Why does it matter that phonons are being generated at all, let alone in these controlled bursts?

Model

Because phonons are the quantum version of sound, and sound travels where light can't. In water, in tissue, in environments where electromagnetic signals fail—sound gets through. If you can generate and control phonons reliably, you've unlocked a new channel for information and energy.

Inventor

But the electrons are hot and the crystal is cold. That seems contradictory.

Model

It is, in a way. The electrons are moving fast, carrying kinetic energy. The crystal lattice itself is nearly frozen. So you have this collision of scales—hot particles in a cold medium—and that's where the unexpected physics emerges. It's forcing theorists to rethink their models.

Inventor

What does "beyond theoretical predictions" actually mean here? Did the theory fail?

Model

Not fail, exactly. The theory said phonons shouldn't be generated at these electron speeds. But they are. So either the theory is incomplete, or it's missing something about how electrons behave in these extreme conditions.

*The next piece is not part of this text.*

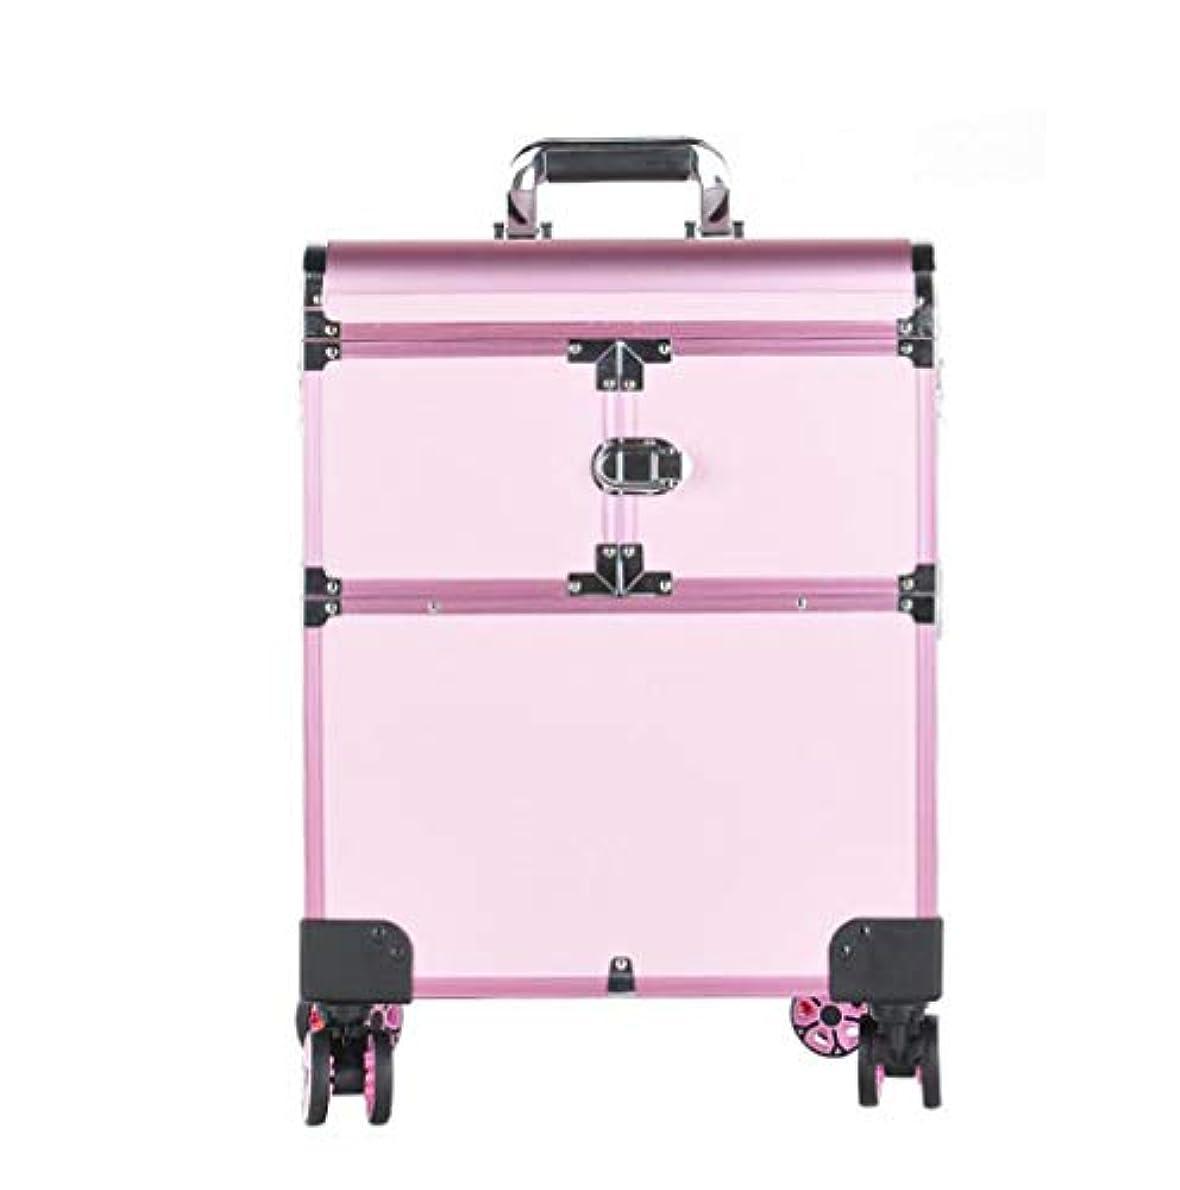 管理する便宜虚栄心BUMC 特大化粧列車化粧トロリーケース、多層大容量プロフェッショナル化粧品ポータブルレバーオーガナイザー収納ビューティーボックス,Pink

That's the honest answer: we don't fully understand what's happening yet.

Inventor

What's the practical timeline? When do we see phonon lasers or quantum communications?

Model

That's the hard part. This is fundamental research. The next step is testing with graphene and other materials to see if the effect is robust. Then you'd need to engineer actual devices. Years, probably. But the foundation is there now.

Inventor

Why does temperature matter so much?

Model

At room temperature, electrons are chaotic—bouncing around, interfering with each other. Near absolute zero, they move in concert, almost like a single entity. That's when quantum effects become visible and controllable. It's the difference between watching individual raindrops and watching a coordinated wave.